Я не проверял подробности кончины Фриновского. Знаю только, что и он, и его предшественник зам. Председателя ОГПУ Я. Агранов, подписавший ордер на первый арест поэта, оба были осуждены. Кончили жизнь так же, как и те, кого они замещали, и кто пришел на смену их шефам — Ягода, Ежов, Берия. Так же, как и их подчиненные следователи, ставшие потом подследственными.
А куда подевался следователь ОГПУ Шиваров — главный экзекутор поэта? «Христофорыч» — «специалист по литературе», — так умевший «когтить очередную жертву, пойманную в капкан», щеголявший на допросах своей осведомленностью. Все знакомые Мандельштама уже перебывали у него, многих он называл по агентурным кличкам, принятым в тайной полиции — «двоеженец», «театралка», делая тем самым намек, что они едва ли не завербованы. Помните его поучения-угрозы Мандельштаму:
— Для поэта полезно ощущение страха, оно способствует возникновению стихов, и вы получите полную меру этого стимулирующего чувства.

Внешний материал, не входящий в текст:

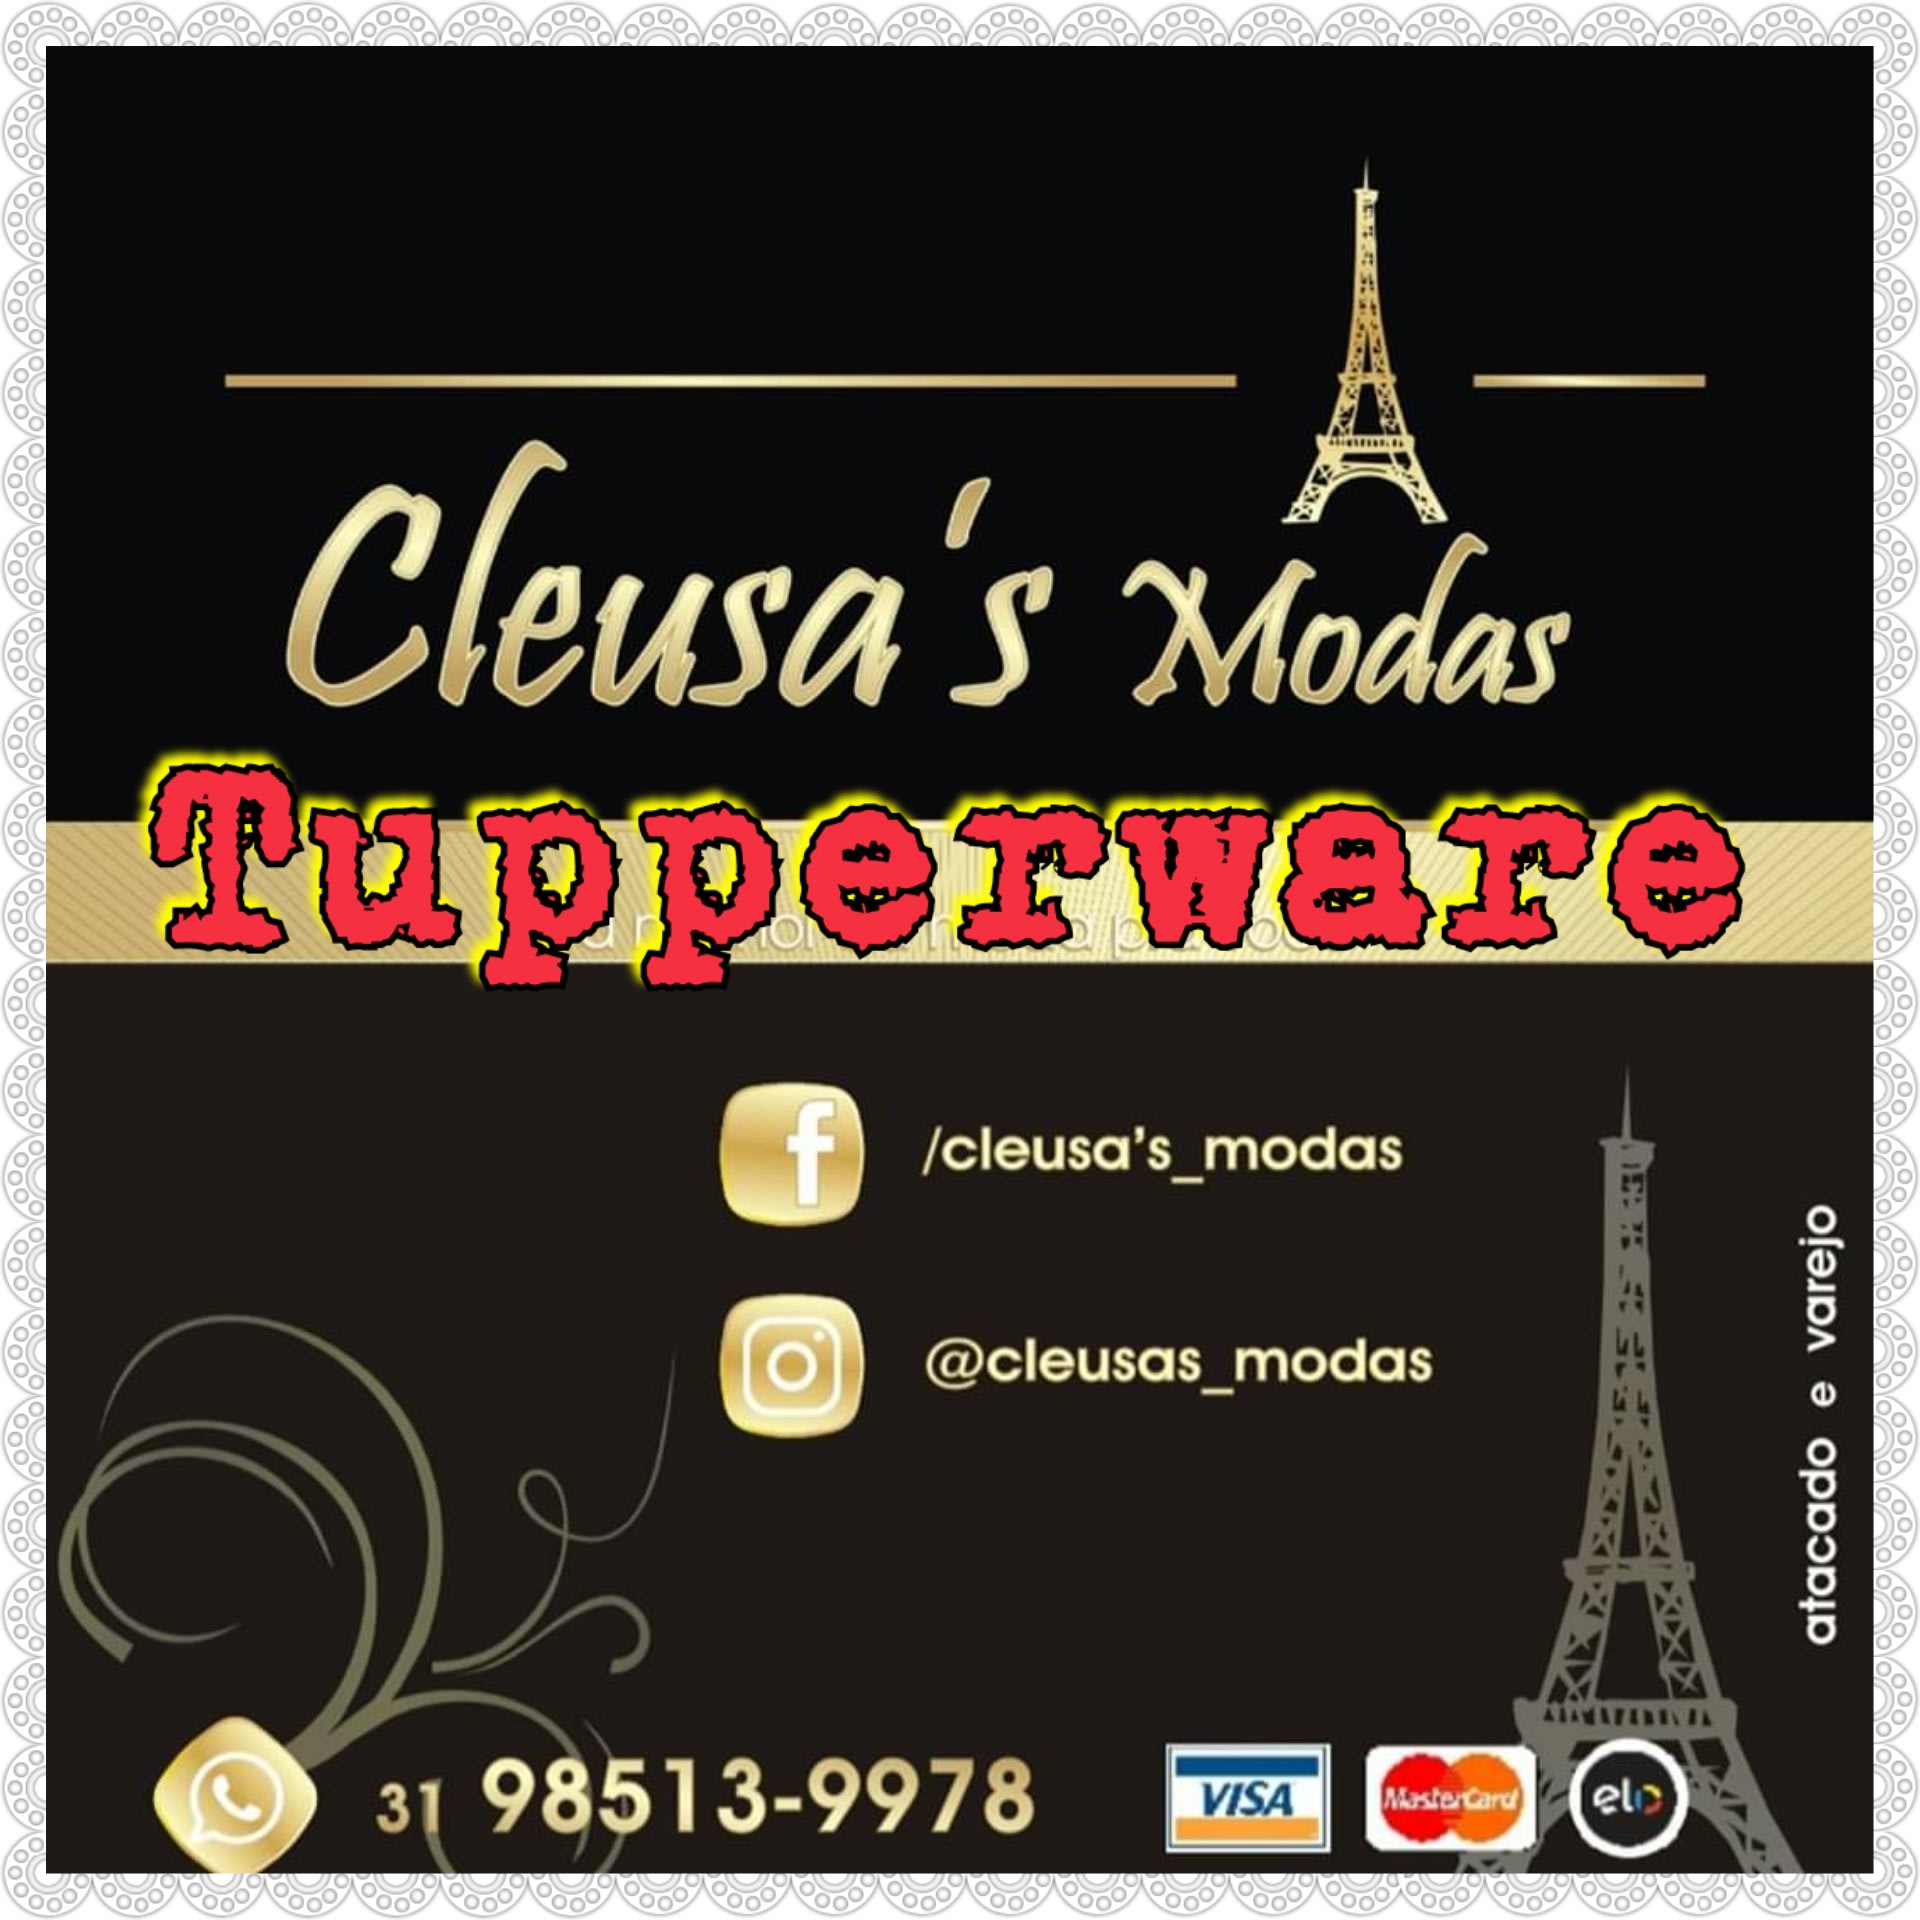 Cleusa's Modas Tupperware

Что стало с ним? Палач-философ словно сквозь землю провалился. Я слышал, что он также был осужден. Но по линии НКВД, как выяснилось, дело на него не заводилось. Когда в 1987 году Мандельштама реабилитировали — формально, небрежно, неряшливо, КГБ сделало вид, что разыскивает Шиварова: в адресный стол направили запрос, оттуда ответили, что по последнему месту жительства не значится.
Только недавно, в конце нынешнего августа, удалось мне частным образом выйти на его след. Да, Шиваров был арестован, судим, отбывал наказание в лагере. Если это правда, что КГБ ничего не знает, то по чьей линии проходил? Может быть, его судил Военный трибунал? Вряд ли. Может быть, МВД?
Собеседник мой просил его не называть, человек достаточно известный, он не желает, чтобы имя его хоть как-то было связано с именем лубянского следователя.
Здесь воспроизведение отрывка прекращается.